Skip the pictures, and retype the data below in full, exactly.
++++ Raw data
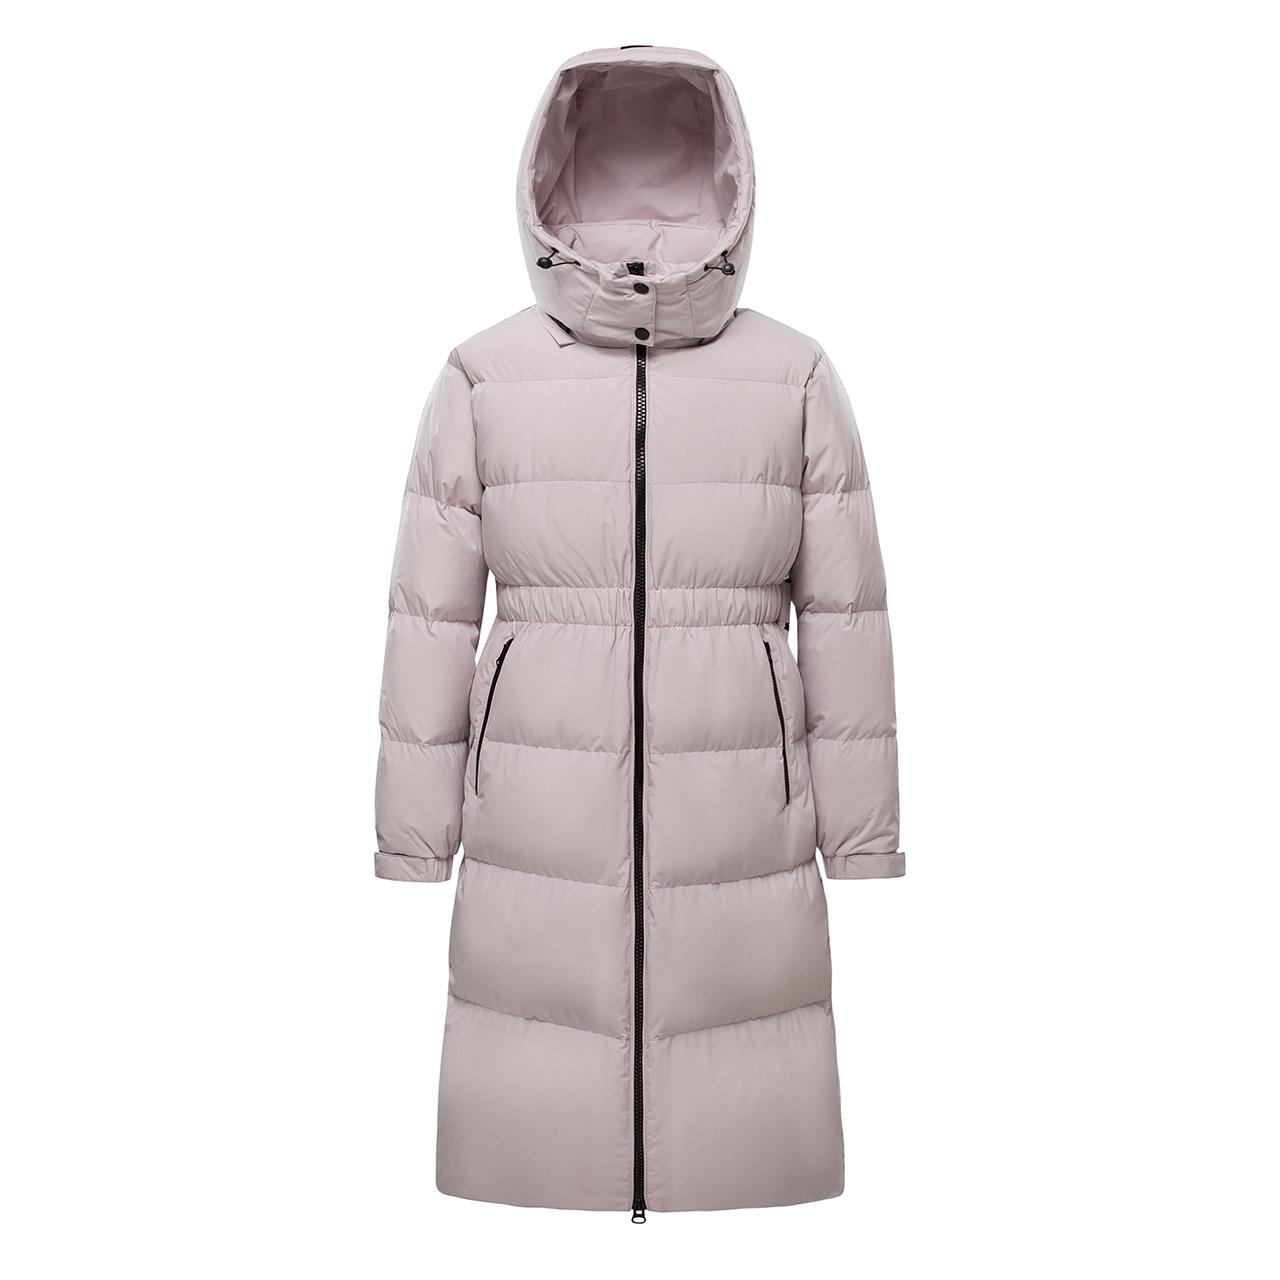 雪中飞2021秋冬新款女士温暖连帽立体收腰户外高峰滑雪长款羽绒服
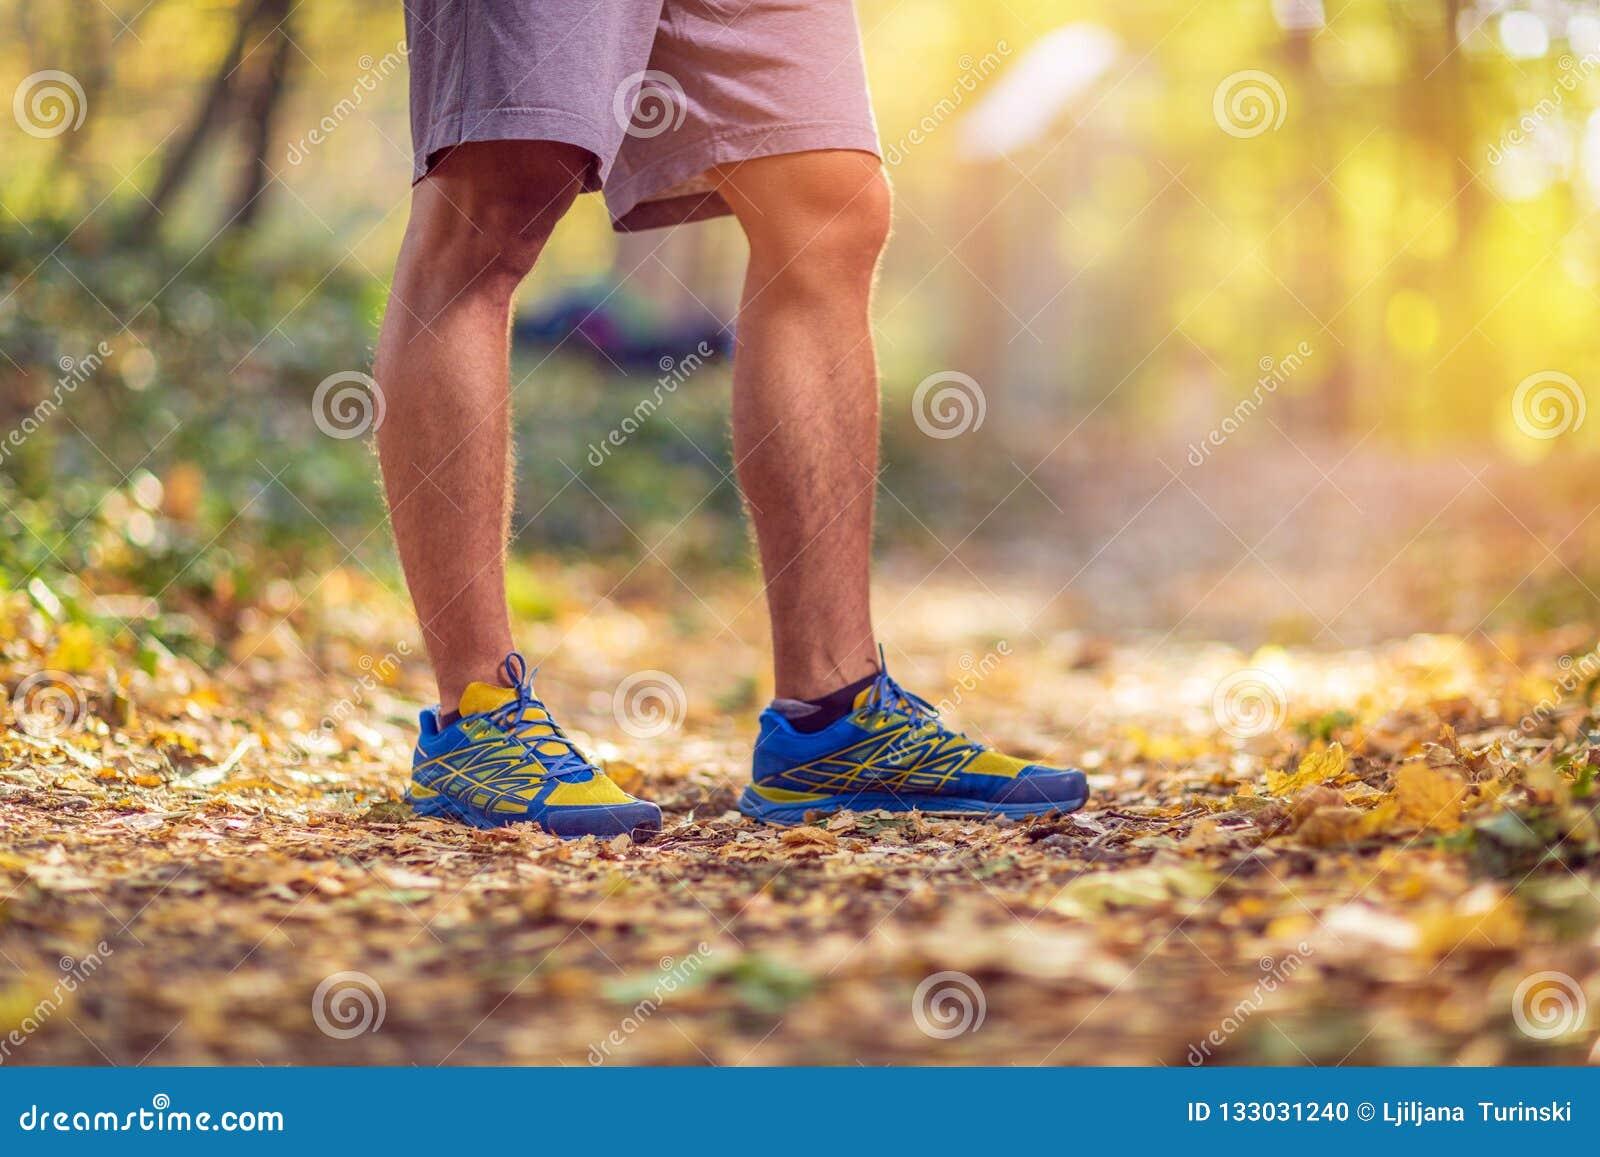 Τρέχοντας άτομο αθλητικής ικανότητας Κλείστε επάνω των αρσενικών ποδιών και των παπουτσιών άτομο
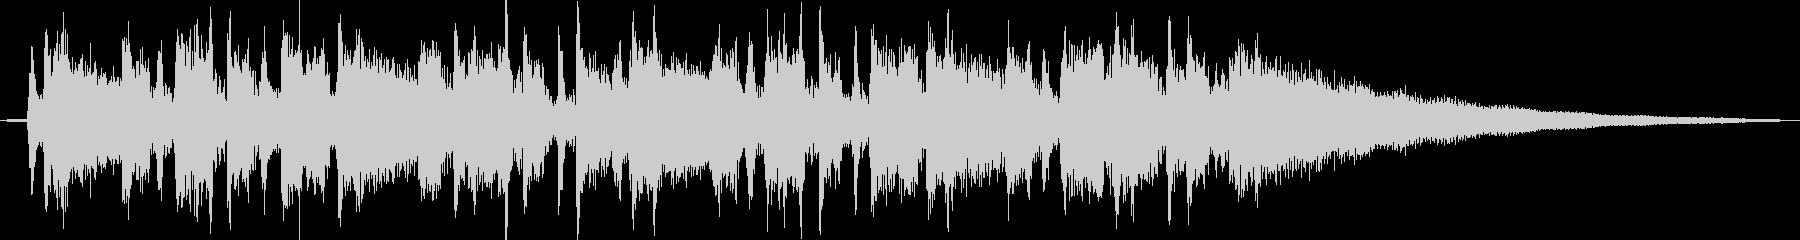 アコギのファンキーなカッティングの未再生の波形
++++++++
Output below:
 雪中飞2021秋冬新款女士温暖连帽立体收腰户外高峰滑雪长款羽绒服
 Τρέχοντας άτομο αθλητικής ικανότητας Κλείστε επάνω των αρσενικών ποδιών και των παπουτσιών άτομο
 アコギのファンキーなカッティングの未再生の波形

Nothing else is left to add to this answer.